There are two main trails at the South Rim (at least that we noticed): Kaibab and Bright Angel. We hiked Kaibab on our first day. If you’re looking for a relatively easy hike (6 miles tops) and amazing views, this is the hike for you. Also, know that it’ll be crazy busy, but at least it makes for a very safe trek.
Something to keep in mind about hiking the Grand Canyon — the most strenuous part of any hike is the return trip. You drop about 1,000ft every mile and a half. We only went 1.5 miles into Kaibab, for 3 miles total, but the views and photo session were very much worth it. We ended the day with a shower and a trip to the village store.
Let’s talk about the village for a minute. There’s $2 showers (in quarters only) and a shop with anything you might need. If you’re not backpacking rim to rim, the Grand Canyon is definitely a very convenient place to glamp. We sure didn’t rough it, but not gonna lie, the showers felt amazing…followed by booze and food at camp.
The second day, we hiked Bright Angel trail. Mostly because I (Baker) forgot the camera batteries, we didn’t suit-up to shoot. Bright Angel is the trail you take to do a rim to rim hike. After going about 6 miles in, we learned that, if you start really early, rim to rim in one day is completely doable. Actually, there’s 3 (probably more…but this is our 3) ways to hike rim to rim:
- Start early, go across in one day, stay at hotel on the other end, and come back the next day.
- Apply for a wilderness pass at least 6 months ahead of time and backpack through the canyon (we want this!!).
- Reserve a spot A YEAR AHEAD at the Indian Garden campground…then decide how long you want to take to reach the other rim.
We didn’t get to do it this time, but we’re damn well going to next time around.
We took off early the next day and stopped by Williams, a small town just outside the Grand Canyon. It’s on route 66, so there’s a few things to check out and a few photo ops. We don’t recommend making a day of it, but it’s not a bad place to stop for brunch!
All in all, Grand Canyon is definitely worth the trip.
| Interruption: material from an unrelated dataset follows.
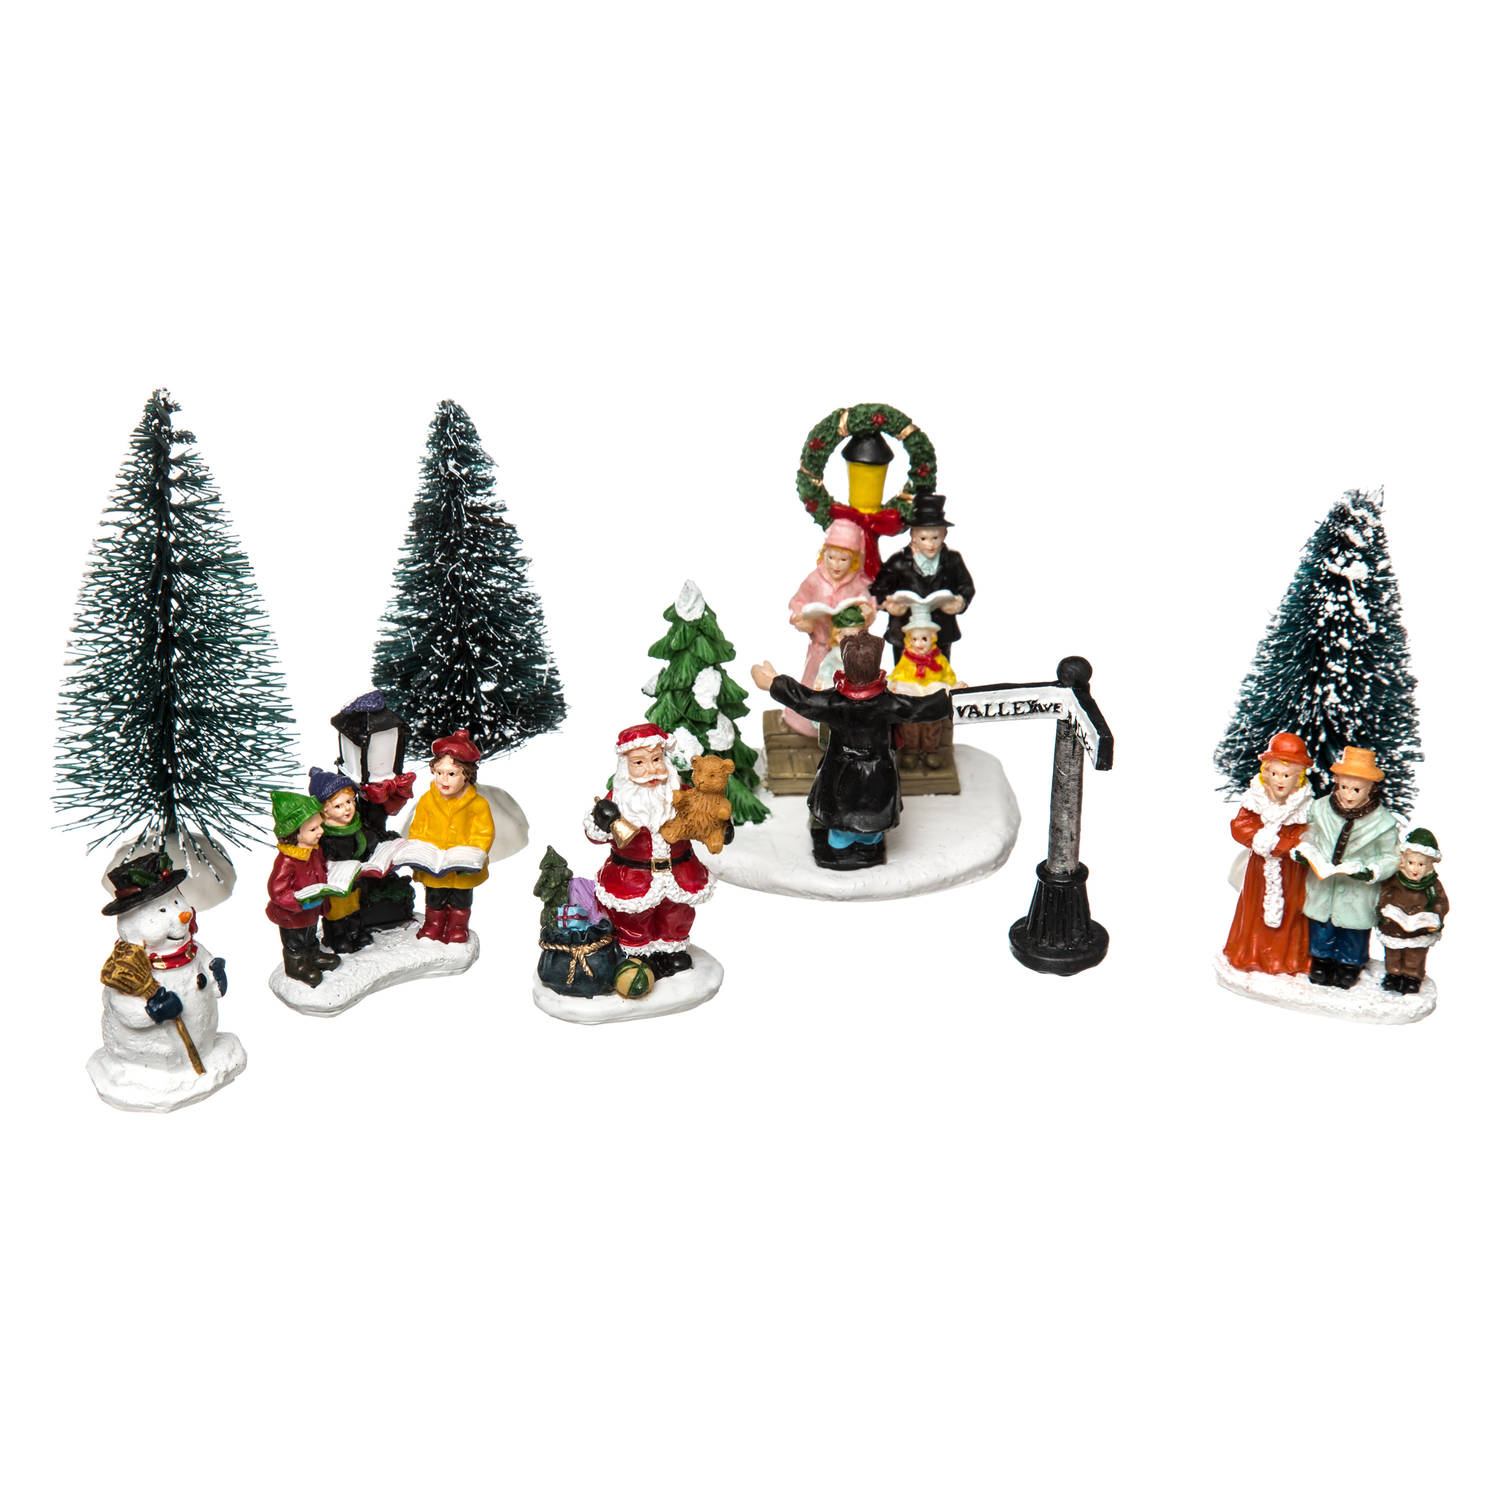 Feeric lights and christmas kerstdorp accessoires-miniatuur figuurtjes Kerstdorpen

Though the scenery does get repetitive, it doesn’t make it any less beautiful. I’m sure we had more to say initially after the trip, but we took too damn long to actually write this because of other responsibilities (yeah, Ape is responsible), and not gonna lie–if you’re following on IG and SnapChat–our activities are endless.
That’s all for now! Thank you for reading…if you made it down here.